Highlights from the management commentary

* The bank aims to align credit growth broadly with industry levels in FY27E. The industry credit growth is expected at ~13-14%.

* Management aims to improve RoA to 1% by the end of FY27, led by NIM, improvement in fee income, and optimization in the balance sheet.

* The focus on the mid-market segment is increasing; wholesale growth will be driven more by the mid-market, while large corporate exposure has seen some dip.
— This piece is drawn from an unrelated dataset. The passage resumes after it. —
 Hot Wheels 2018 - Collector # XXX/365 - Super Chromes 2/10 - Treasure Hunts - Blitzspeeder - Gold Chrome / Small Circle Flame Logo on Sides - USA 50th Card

* Liability-side repricing is largely complete, though CASA franchise improvement is still underway. An improvement in CASA mix should support a reduction in deposit costs going forward.

Valuation and view

IIB reported a decent quarter, supported by stronger NII and sharply lower-thanexpected provisions, driven by improvement in slippages across segments. Consequently, RoA improved to 0.45% from 0.1% in 3QFY26, with the bank targeting an exit RoA of ~1% by the end of FY27E. Other income remained subdued due to modest fee and treasury income, while opex declined QoQ. NIMs expanded 4bp QoQ to 3.39% (adjusted for one-offs in 3Q). Business growth was modest, reflecting debulking of the corporate book and a strategic shift towards the mid-market segment. Deposit growth was fueled by CASA, resulting in a decline in the CD ratio to 79%. The reduction in slippages was broad-based, leading to lower provisions in 4Q versus expectations. The bank expects loan growth to broadly track industry growth in FY27, with potential to outpace the industry in FY28. We raise our earnings by 14%/18% for FY27/28E and project IIB’s RoA/RoE at 0.7%/5.6% for FY27E. Reiterate Neutral with a TP of INR950 (premised on 1.1x Sep’27E ABV).